** Records shown follows **

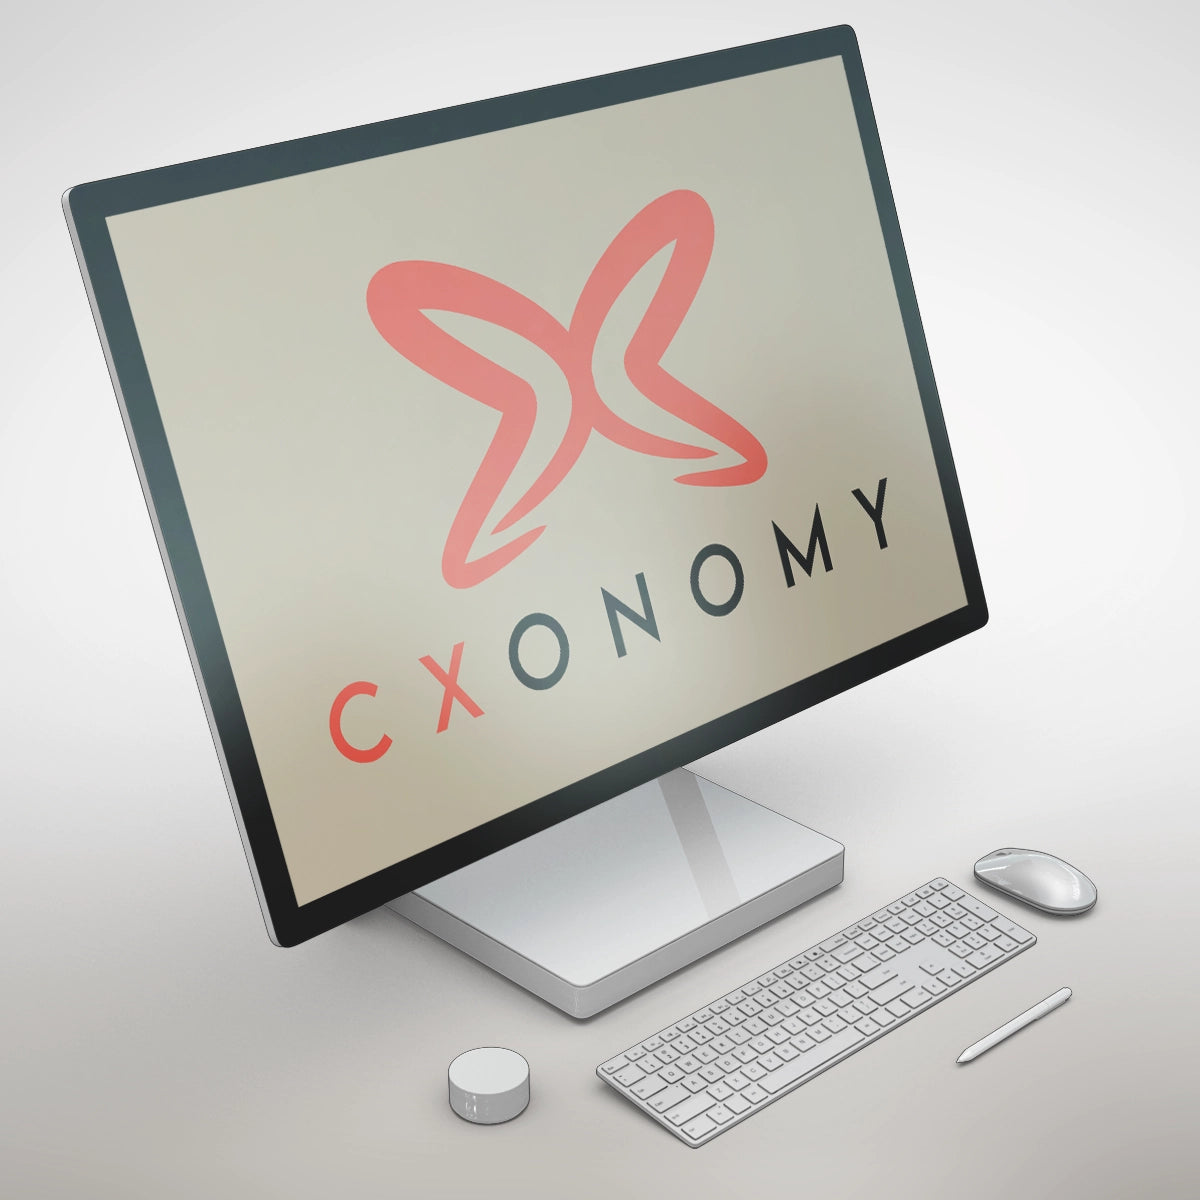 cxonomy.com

** End of Records shown **
** Records shown follows **

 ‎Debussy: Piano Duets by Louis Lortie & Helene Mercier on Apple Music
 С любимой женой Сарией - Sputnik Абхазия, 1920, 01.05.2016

** End of Records shown **
** Records shown follows **

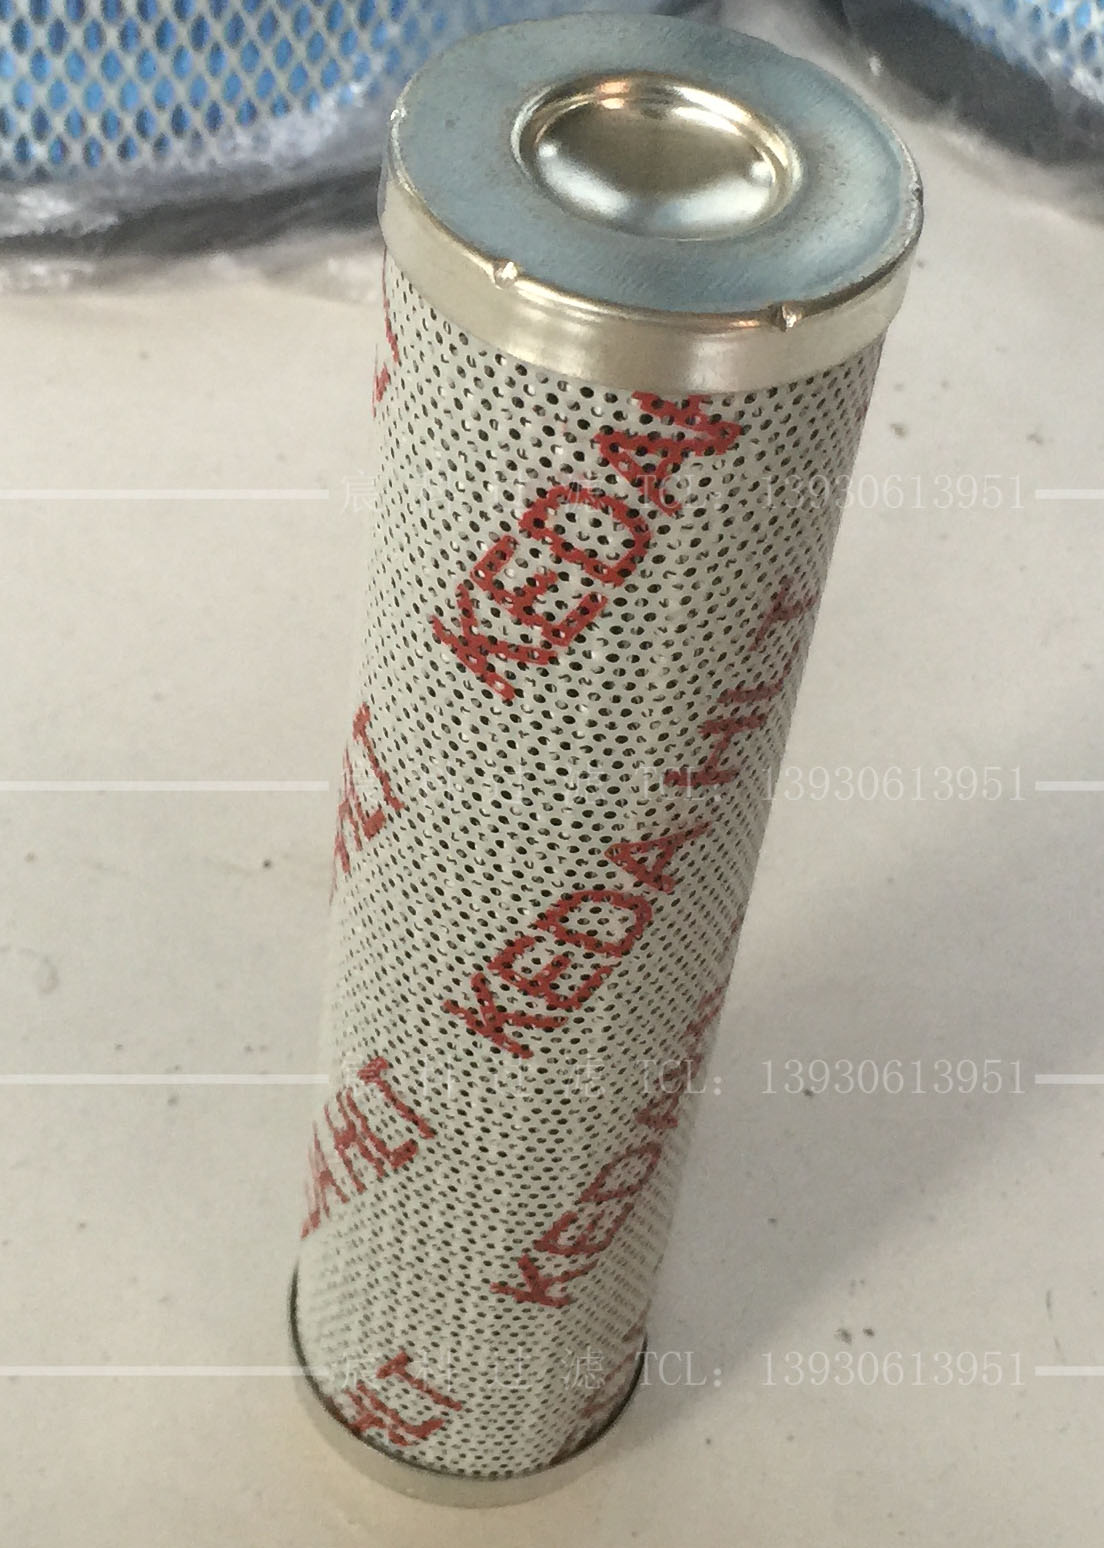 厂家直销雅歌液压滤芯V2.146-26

** End of Records shown **

■ **Task requirements**: After locating the line with "on Apple Music" in the material above, return it and each line after it exactly, ending at the line with "С любимой женой".

■ **Solved exercise**:
 ‎Debussy: Piano Duets by Louis Lortie & Helene Mercier on Apple Music
 С любимой женой Сарией - Sputnik Абхазия, 1920, 01.05.2016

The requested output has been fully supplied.